Work instructions:
When you reach the line holding "nodo-pensilina-fedrizzi-2020-model" in the material below, return that line and each one after it, word for word, with the pictures dropped.

BEGIN Supplied data

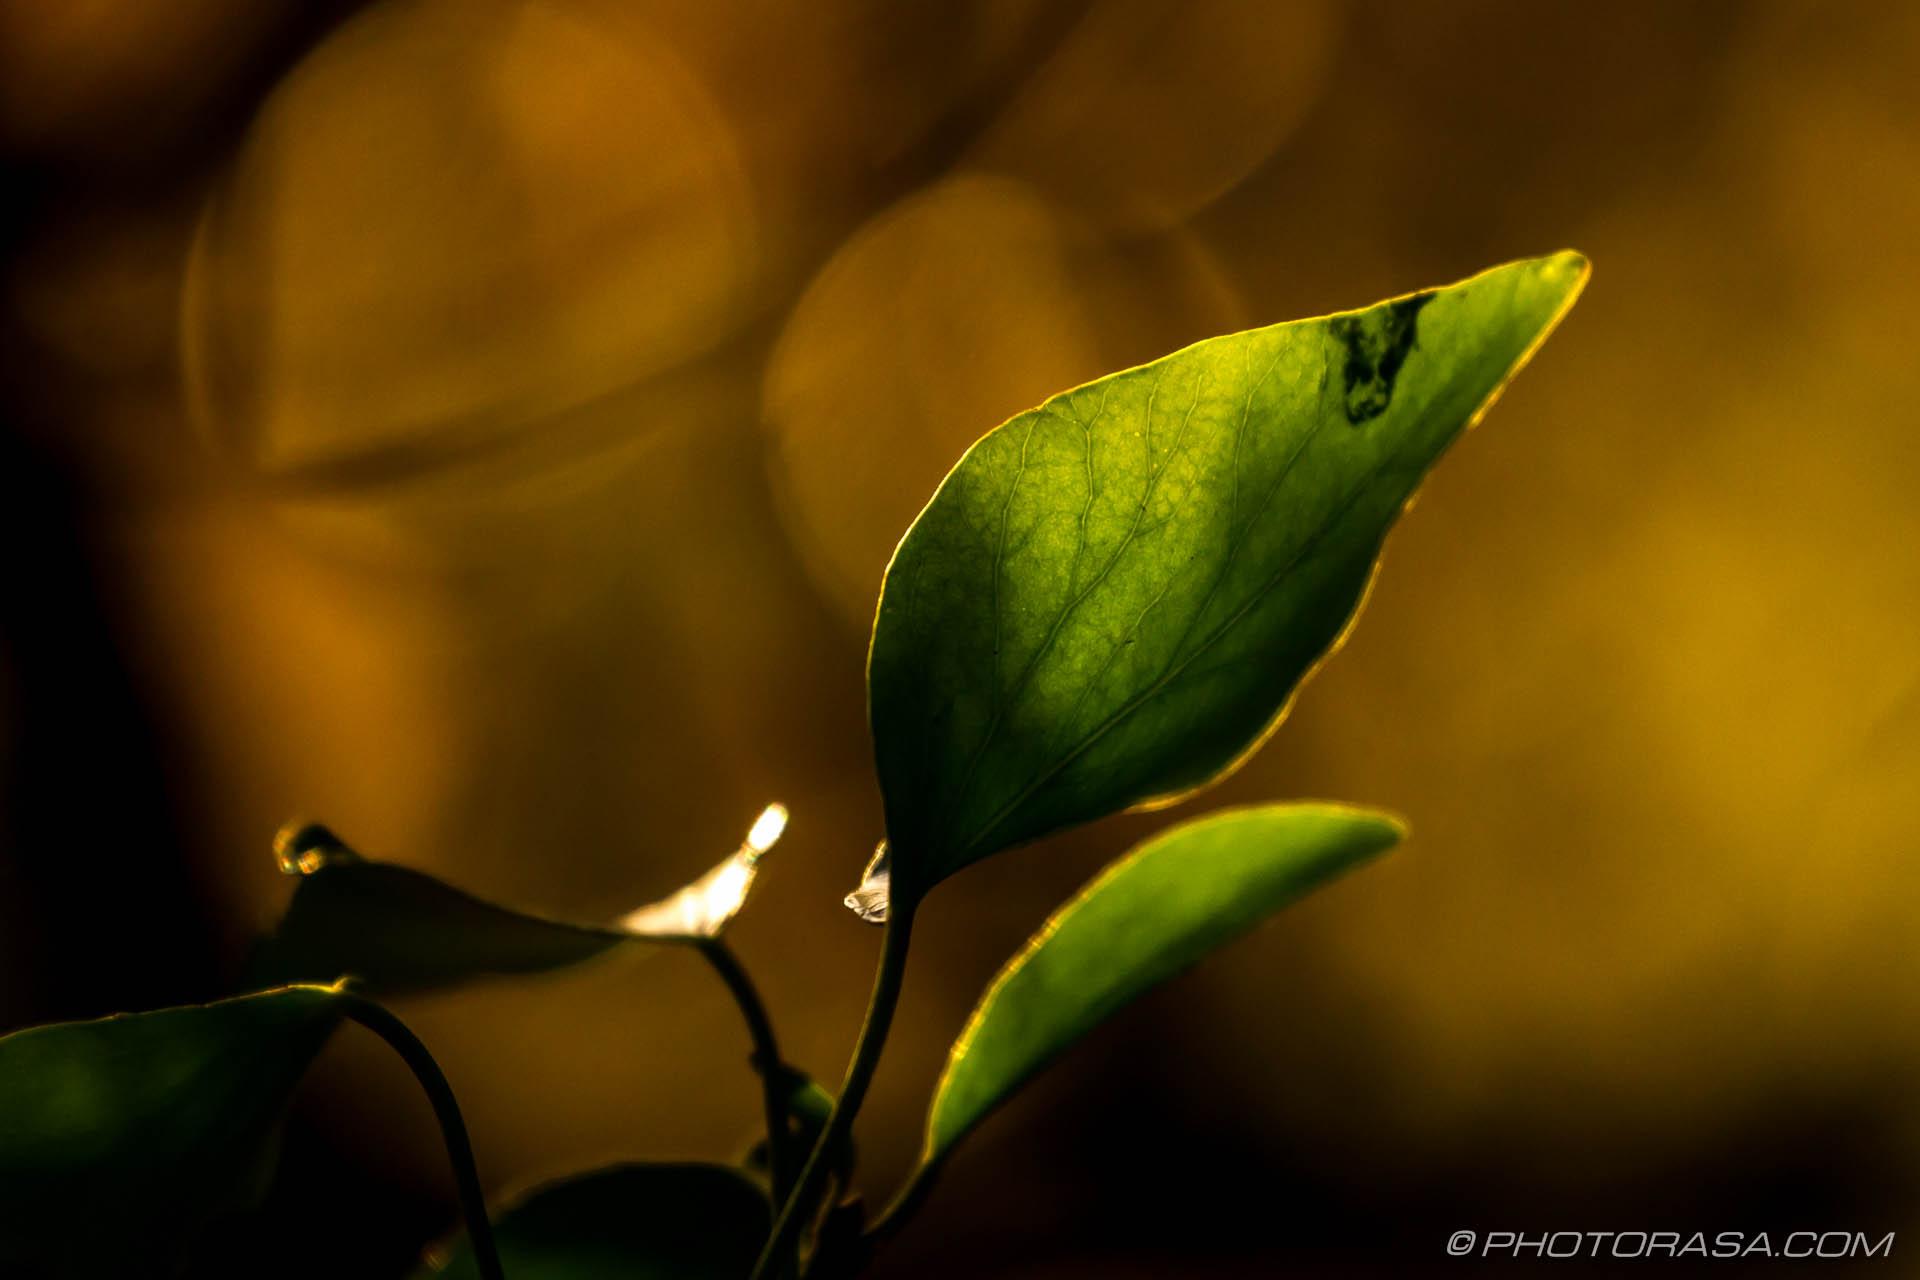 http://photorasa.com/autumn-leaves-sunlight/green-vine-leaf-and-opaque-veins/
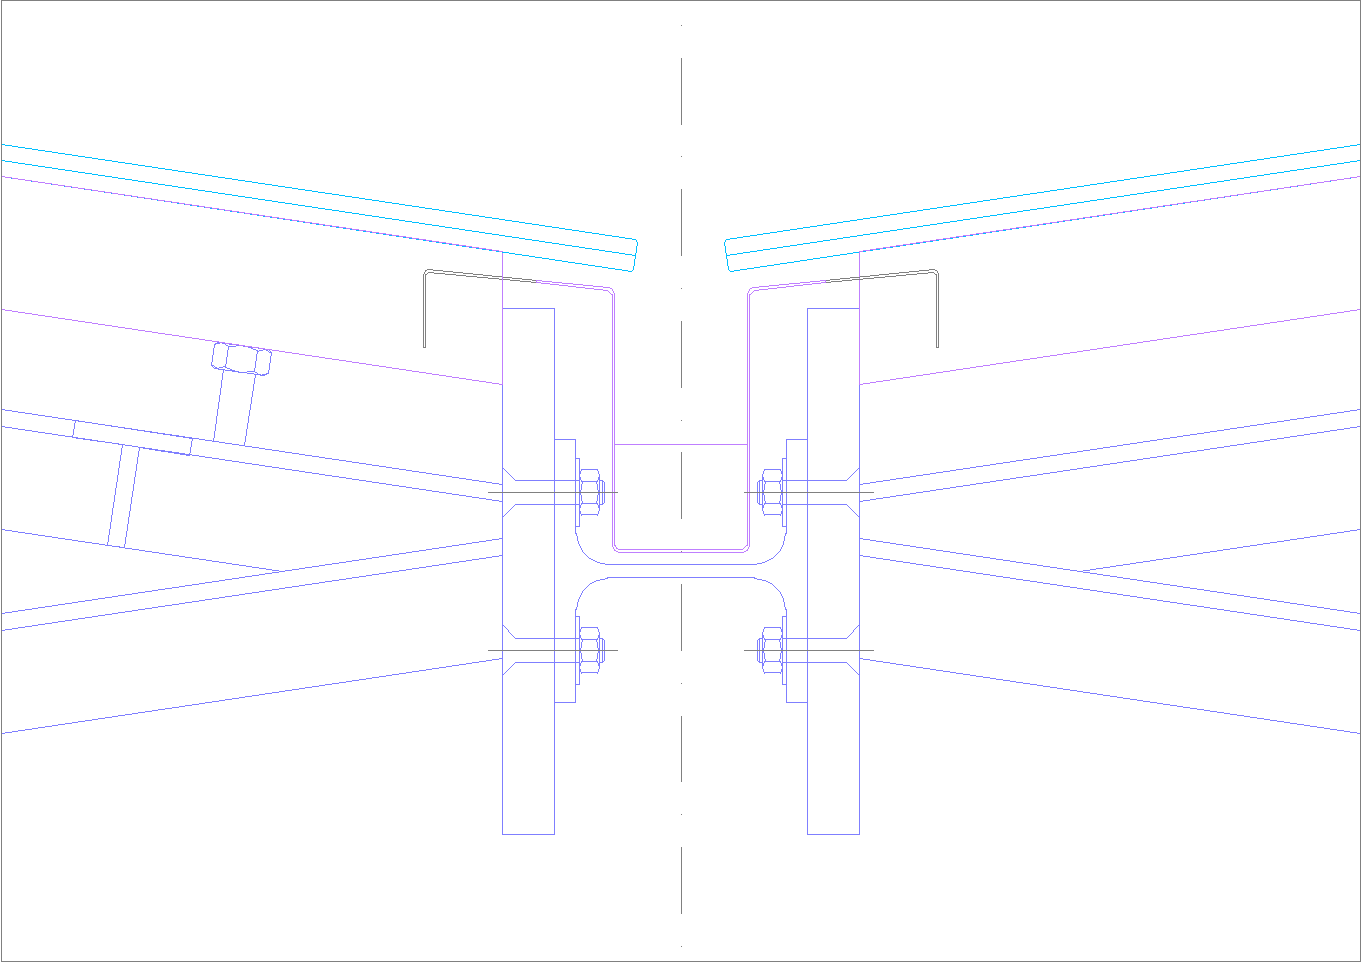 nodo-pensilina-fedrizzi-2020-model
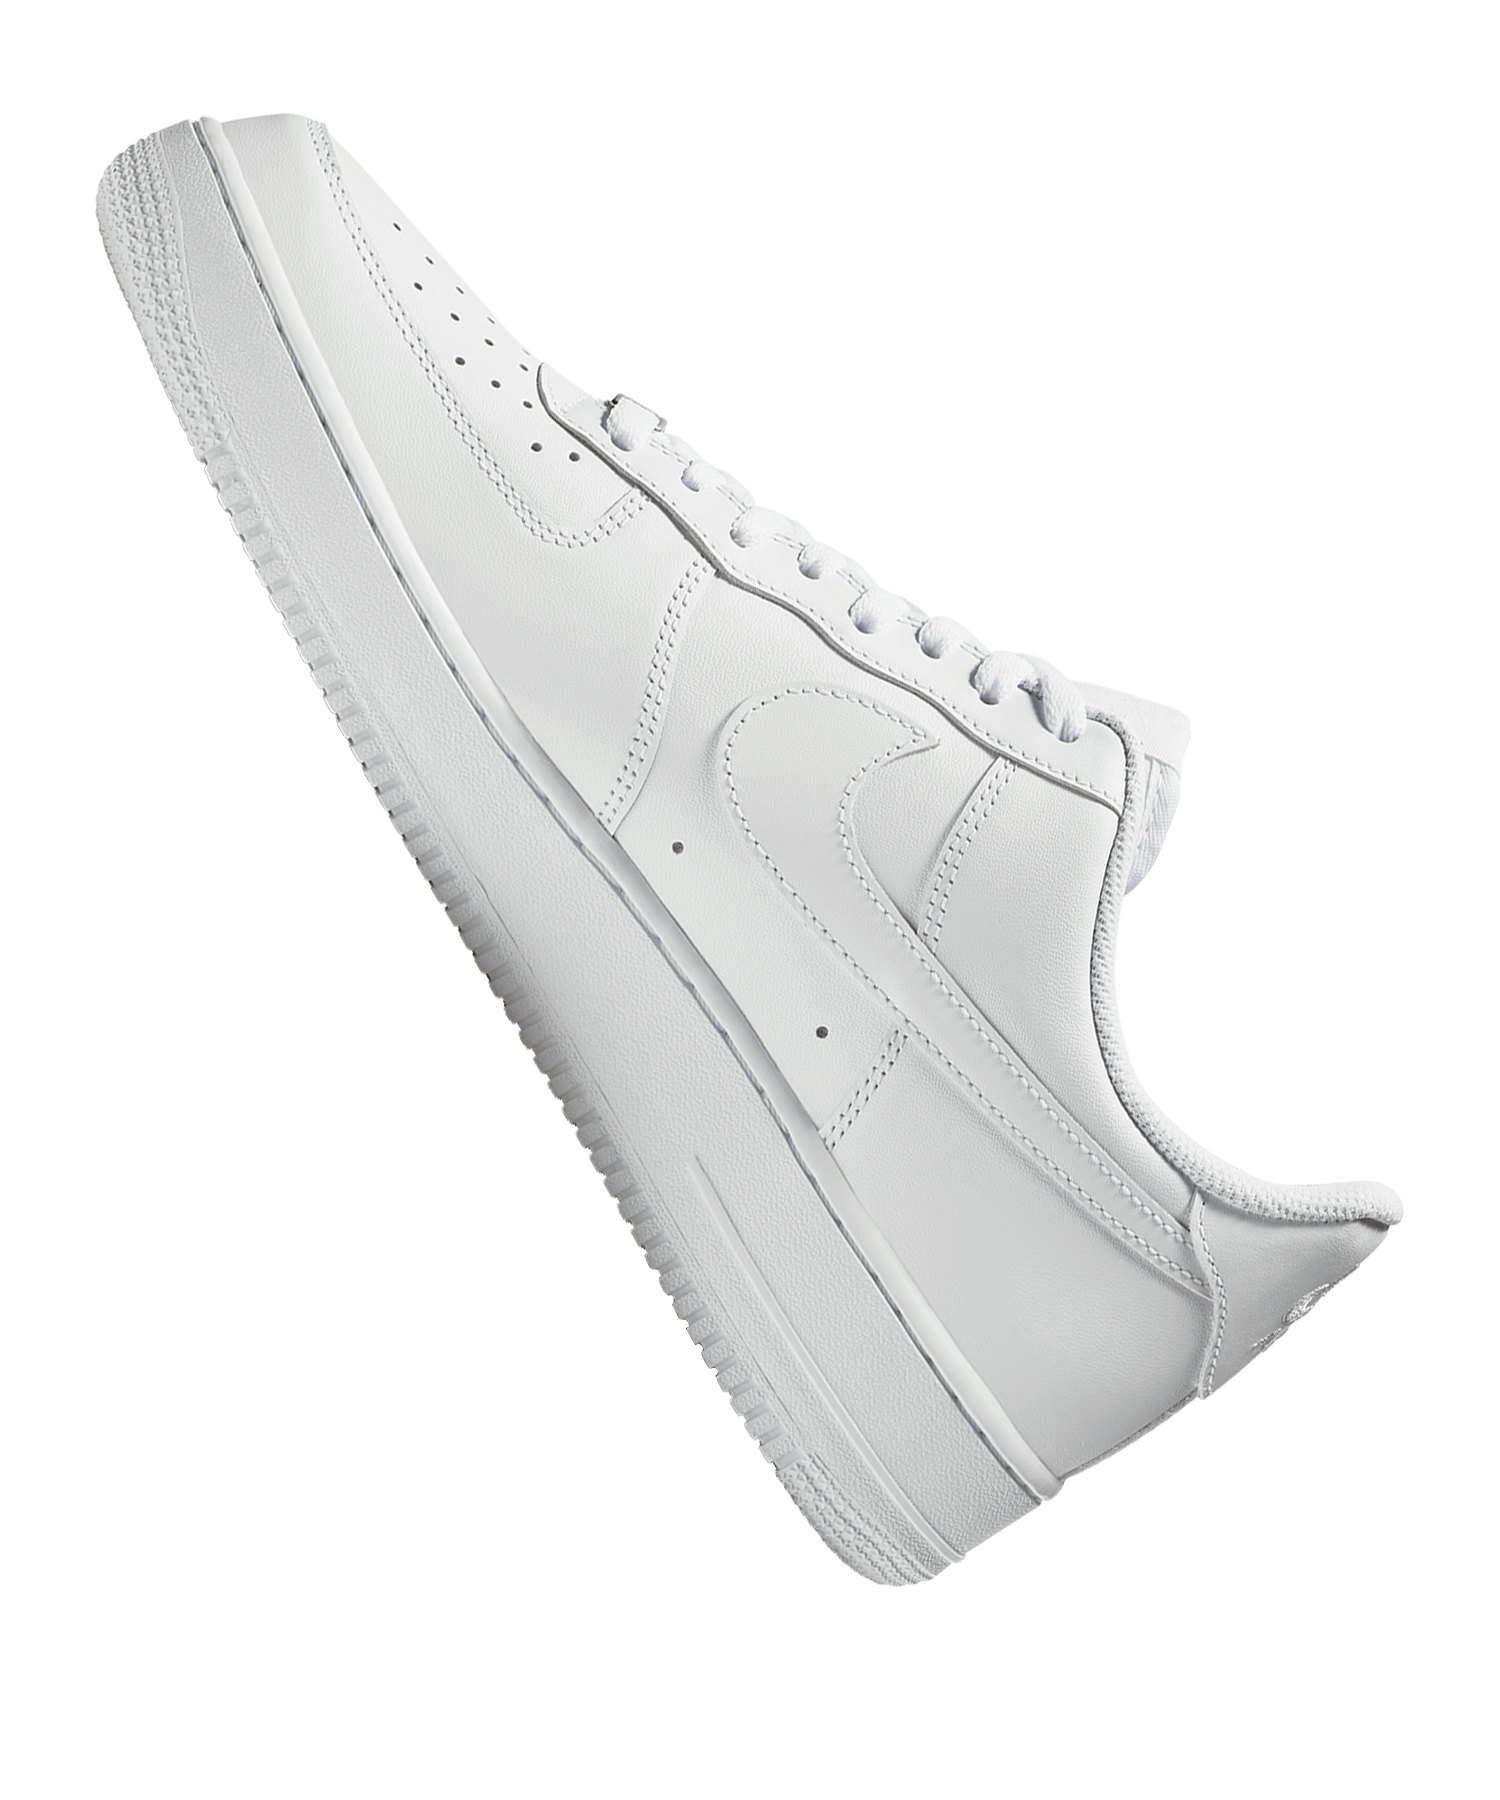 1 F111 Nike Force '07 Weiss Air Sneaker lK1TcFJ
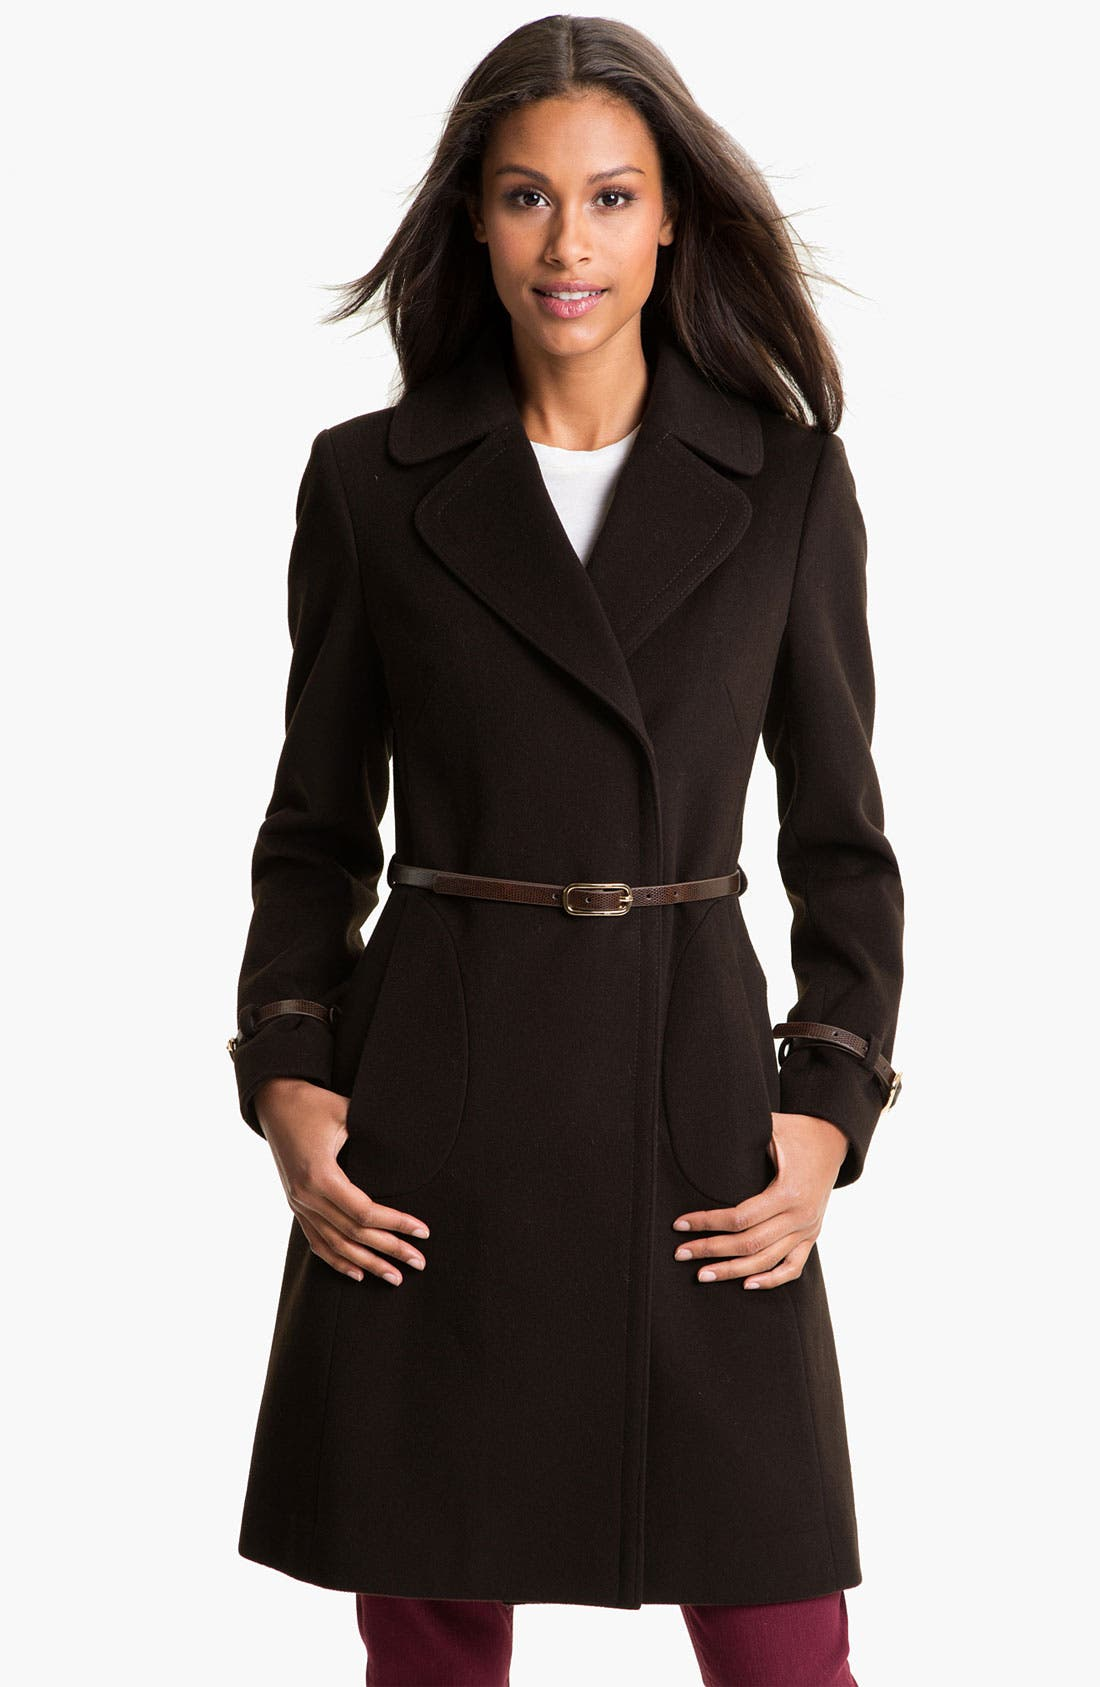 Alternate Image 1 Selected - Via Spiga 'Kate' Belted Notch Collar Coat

END Supplied data

Response:
 nodo-pensilina-fedrizzi-2020-model
 1 F111 Nike Force '07 Weiss Air Sneaker lK1TcFJ
 Alternate Image 1 Selected - Via Spiga 'Kate' Belted Notch Collar Coat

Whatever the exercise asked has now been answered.